Wednesday, May 23, 2012

Shamanic plants in your garden



 There are many powerful plants, capable of bringing shamanic connection t0 wild nature, growing just outside your door. It is true that the local plants and animals in our immediate area are the most powerfully capable of bringing spiritual and physical support into our lives.  This is why I value most receiving Cortes Island deer hides for my drums, because these creatures ingest the same rain-soaked sun-dappled plants that nod to my passing when I walk through the forest.  We are fed the same energy and the vitality of our mutual home radiates out from the drum to feed me.

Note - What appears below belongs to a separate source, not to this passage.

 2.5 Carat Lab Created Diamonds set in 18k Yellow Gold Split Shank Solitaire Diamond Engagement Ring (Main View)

This is why I chose palm frond spines to become the “yarrow stalks” for the traditional reading of the I Ching book I found while on holiday in Hawaii.  The book and the spines are related in the energy they share, and are therefore able to speak with the same vibration when I ask that Oracle for advice, as an occasional change from my Journey Oracle card deck.

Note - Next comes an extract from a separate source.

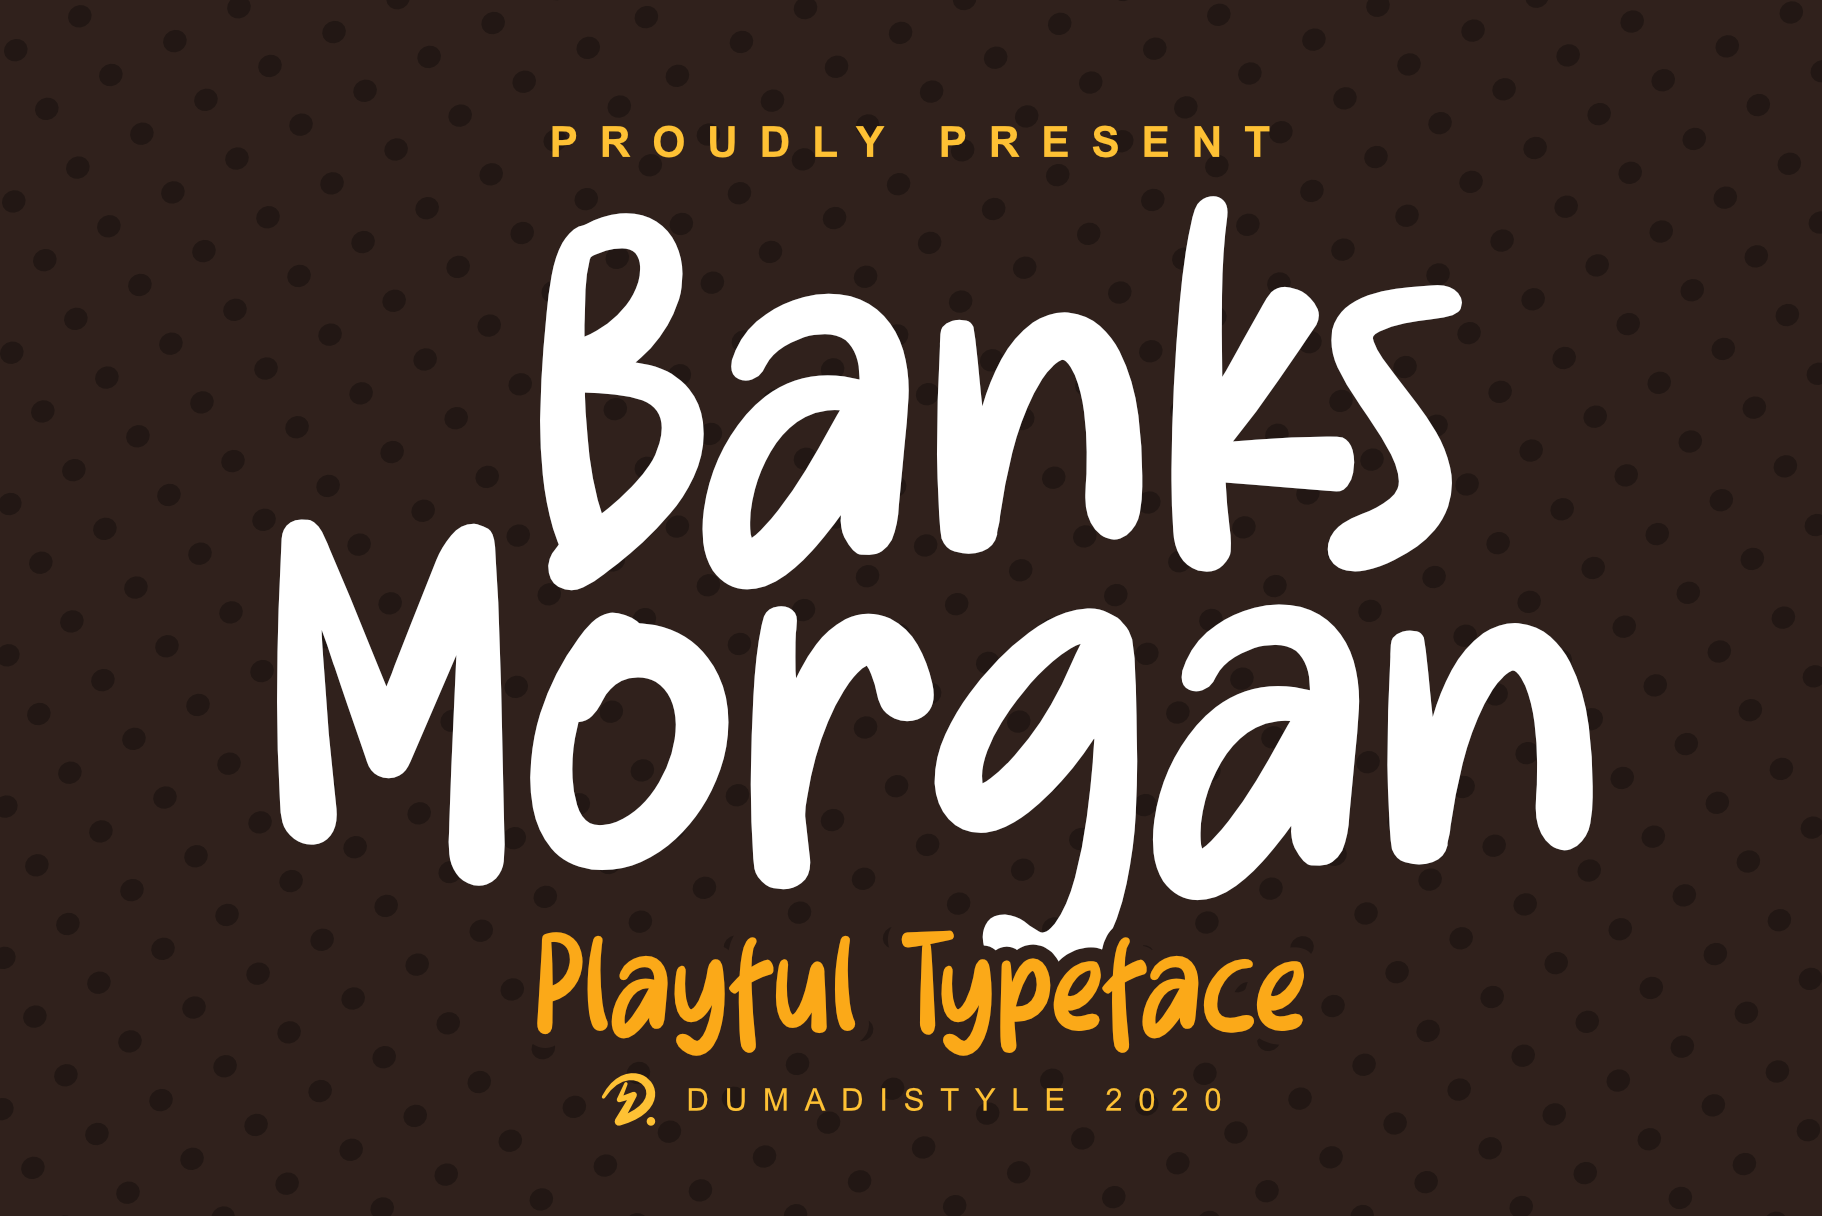 Banks Morgan

 Martin Prechtel said we need to “ask the plants we grow, eat, and work with to adopt us.” This is wise counsel for our relationship to the plants in our own backyard.  When we ask the wild current if we can become its child, we become the fierce shining warrior energy of the hummingbirds that depend on this delicate flower when they first arrive from migration.  When we are adopted by the sword fern our creative efforts become filled with its ornately curling and unfurling stories.  Scotch broom is a mother that brings us such a bursting, expanding growth—we may find others are a bit overwhelmed at our own outpouring.  And who could resist being adopted by a mother skilled in the lacy weaving of grasses to support her winged children?  When we seek a shamanic connection with wild nature, we ask to be the child with wings who can soar into realms beyond our place and time.